Conversaram outras amenidades, e então, saíram dali para caminhar um pouco. A noite estava fresca e a lua alta. Era uma ótima para caminhar ao som de uma voz agradável. Finalizando seu cigarro, ele a convidou a sentar numa praça próxima, bem arborizada. Além da lua, postes antigos, clássicos dos anos 20, restaurados recentemente, ajudavam a dar luz ao local. Aproveitando o encantamento dela, aproveitou para rebater algumas perguntas.
– E você, como começou a ser jornalista? – Disse ele despreocupadamente.
Ela virou o rosto, olhando as árvores, e respondeu:
– Não sei dizer bem, não são muitos que me perguntam sobre isso… talvez tenha nascido da vontade de dar voz a pessoas que tem tanto para falar e tão pouco espaço. Da vontade de contar histórias… Da vontade de… – e então ela se calou.
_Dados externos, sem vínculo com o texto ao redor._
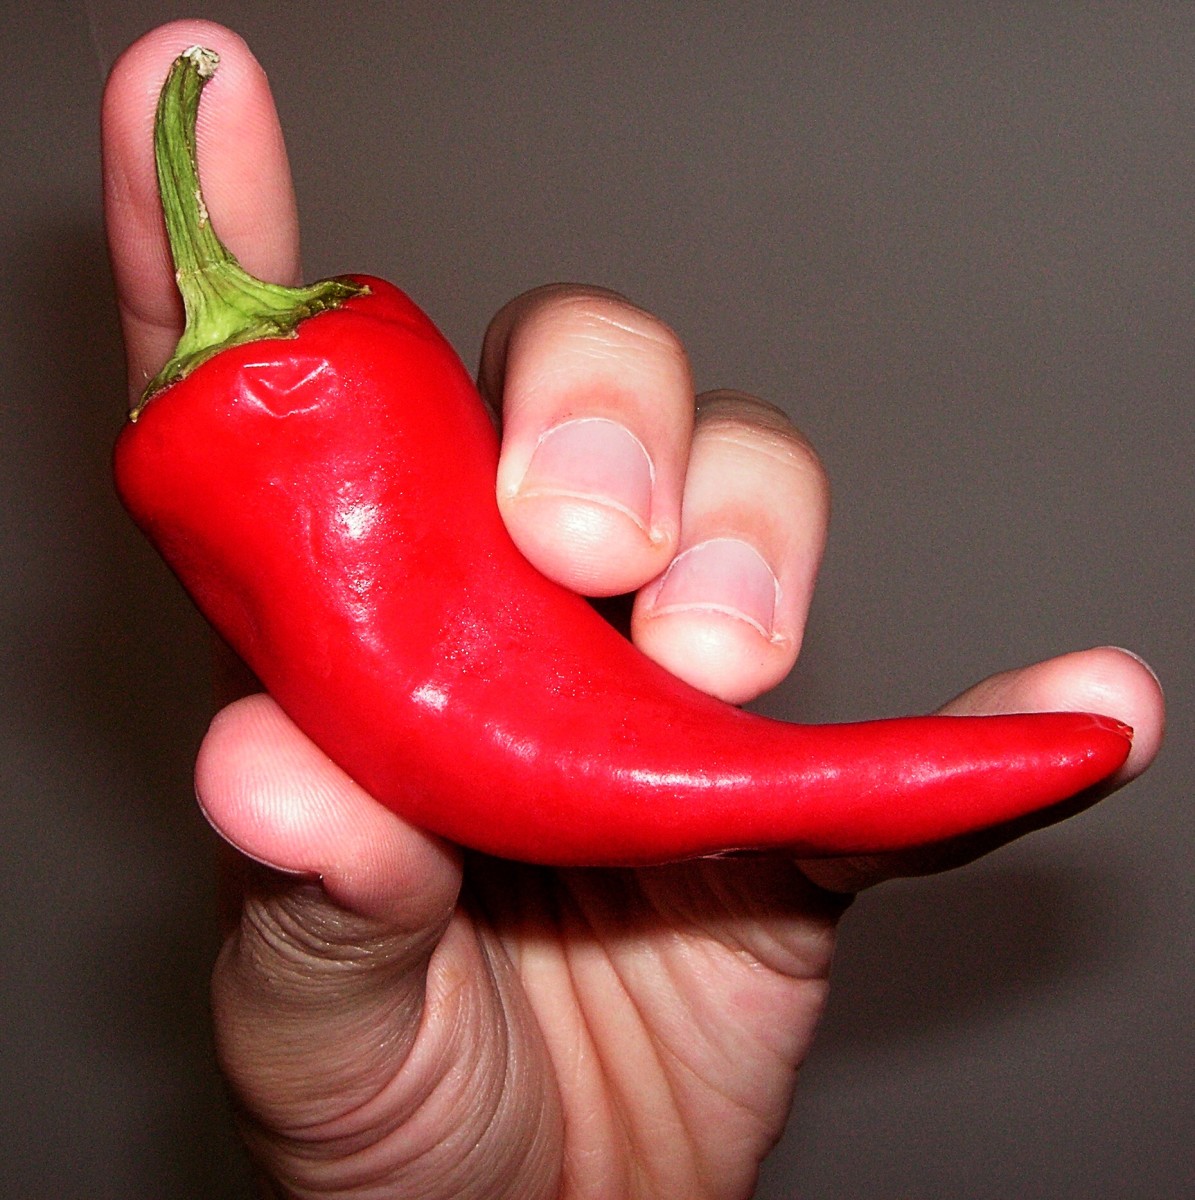 Hot and spicy foods like chili peppers can irritate the tongue.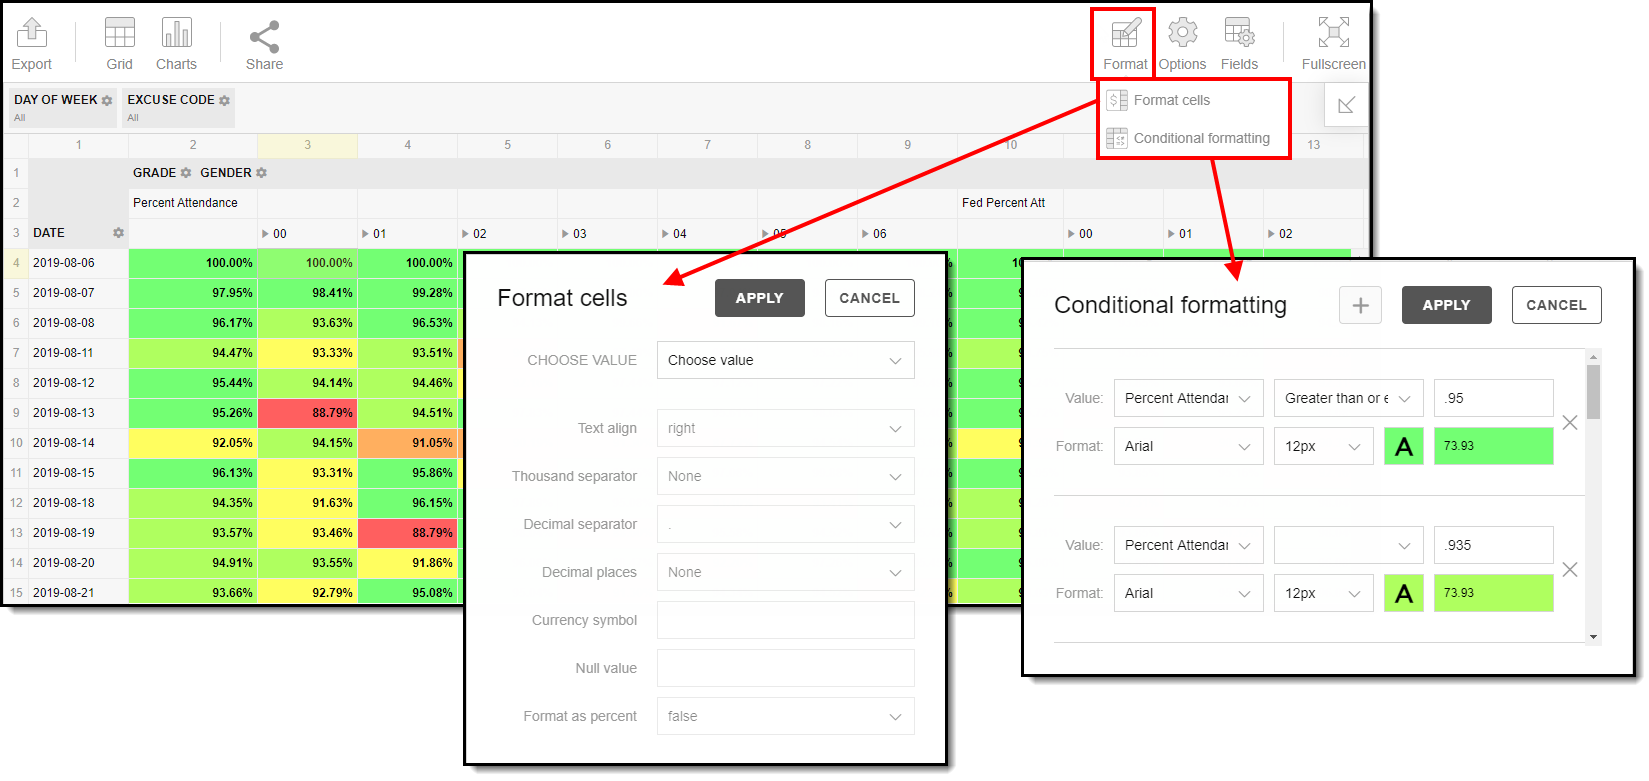 screenshot of the format button being selected and the format and conditional formatting filter options provided to a user

Ele olhou para ela que agora encarava o chão, bem séria. Esperou um pouco para perguntar o que havia acontecido, talvez ela tenha se lembrado de algo. Mas quando se deu conta, alguém estava atrás dela, com uma arma apontada para suas costas. Antes que pudesse fazer algo, foi surpreendido por um homem apontando uma pistola em sua testa. Os dois homens, altos e com um capuz feito de touca, pediram para os dois se levantarem. Ele ficou apreensivo apesar do semblante extremamente calmo. Ela estava pálida, nitidamente apavorada. Mal se mexia e era só observar suas mãos para perceber o quanto. Até então, ele estava colaborativo, cooperando e entregando tudo o que eles pediam. Até que eles começaram a passar a mão nela e ele resolveu agir.
Derrubou um dos caras num ato impensado e nenhum pouco calculado. Quando o desmaiou com uma coronhada na cabeça, ouviu um click por trás. Foi tudo muito rápido. Assim que o tiro foi disparado, ela pulou na sua frente, caindo desmaiada. O sangue logo começou a correr, mas não tão rápido quanto o assaltante que a está hora já estava longe.
…
Havia escuridão. Então veio à luz.
Era o que dizia o bilhete com rosas brancas e amarelas ao lado da cama do hospital. Ela acordou atordoada, com tantos fios e um soro que pingava lentamente, ligado à sua veia, mas abriu um sorriso enorme ao ver as flores e uma pequena lâmpada feita com um pequeno vidro de perfume redondo.